In 1990, the year before the collapse of the Soviet Union, I attended an economic conference in Moscow.
Like my father during his visits to the U.S.S.R. in the early 1930s, I was astonished and appalled by what I saw.
Simple necessities, such as toilet paper, were in short supply. In fact, there was none at all in the airport bathroom stalls for fear it would be stolen. Visitors using the facilities had to request a portion of tissue from an attendant beforehand.
When I walked into one of Moscow’s giant department stores, there was next to nothing on the shelves. For those shoppers who were lucky enough to find something they actually wanted to buy, the purchase process was maddening and time-consuming.
Although the government provided universal healthcare, I never met anyone who wanted to stay in a Soviet hospital. Medical services might have been “free,” but the quality of care was notoriously poor.

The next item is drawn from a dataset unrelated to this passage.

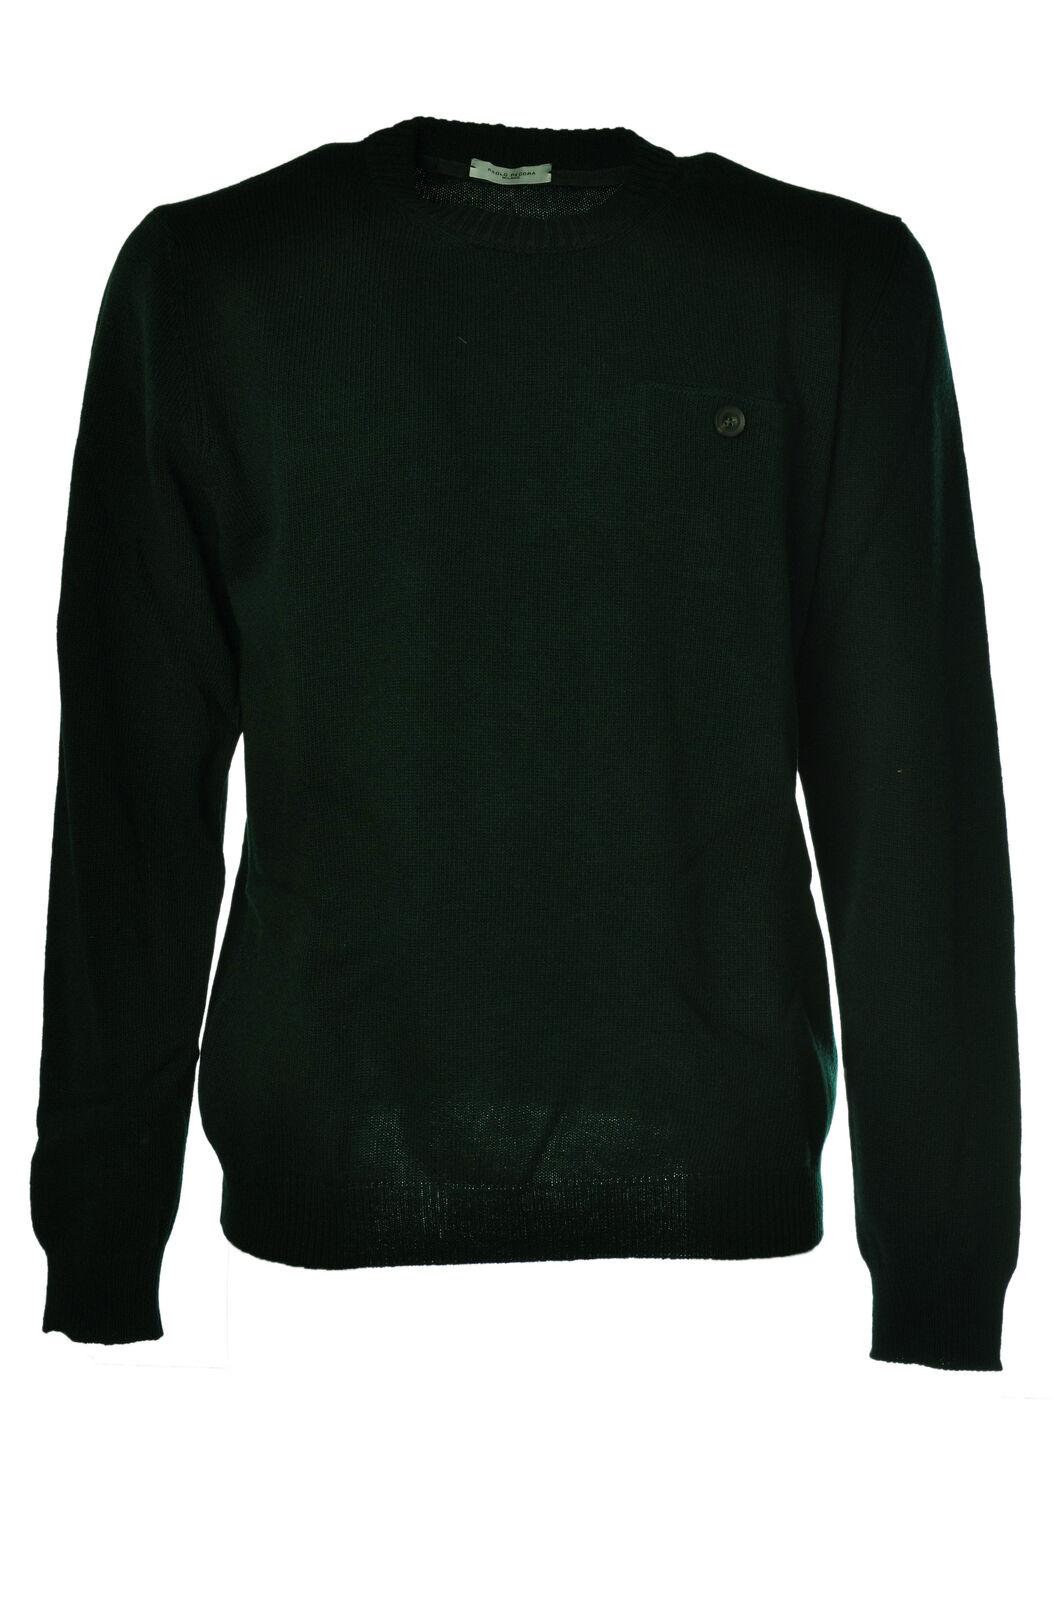 Paolo Pecora - Knitwear-Sweaters - Man - Grün - 1023418C185543

My experiences in the Soviet Union underscore why economic freedom is so important for all of us.
Nations with the greatest degree of economic freedom tend to have citizens who are much better off in every way.
No centralized government, no matter how big, how smart or how powerful, can effectively and efficiently control much of society in a beneficial way. On the contrary, big governments are inherently inefficient and harmful.
And yet, the tendency of our own government here in the U.S. has been to grow bigger and bigger, controlling more and more. This is why America keeps dropping in the annual ranking of economic freedom.
Citizens who over-rely on their government to do everything not only become dependent on their government, they end up having to do whatever the government demands. In the meantime, their initiative and self-respect are destroyed.
It was President Franklin Roosevelt who said: “Continued dependence on [government support] induces a spiritual and moral disintegration fundamentally destructive to the national fiber. To dole out relief in this way is to administer a narcotic, a subtle destroyer of the human spirit.”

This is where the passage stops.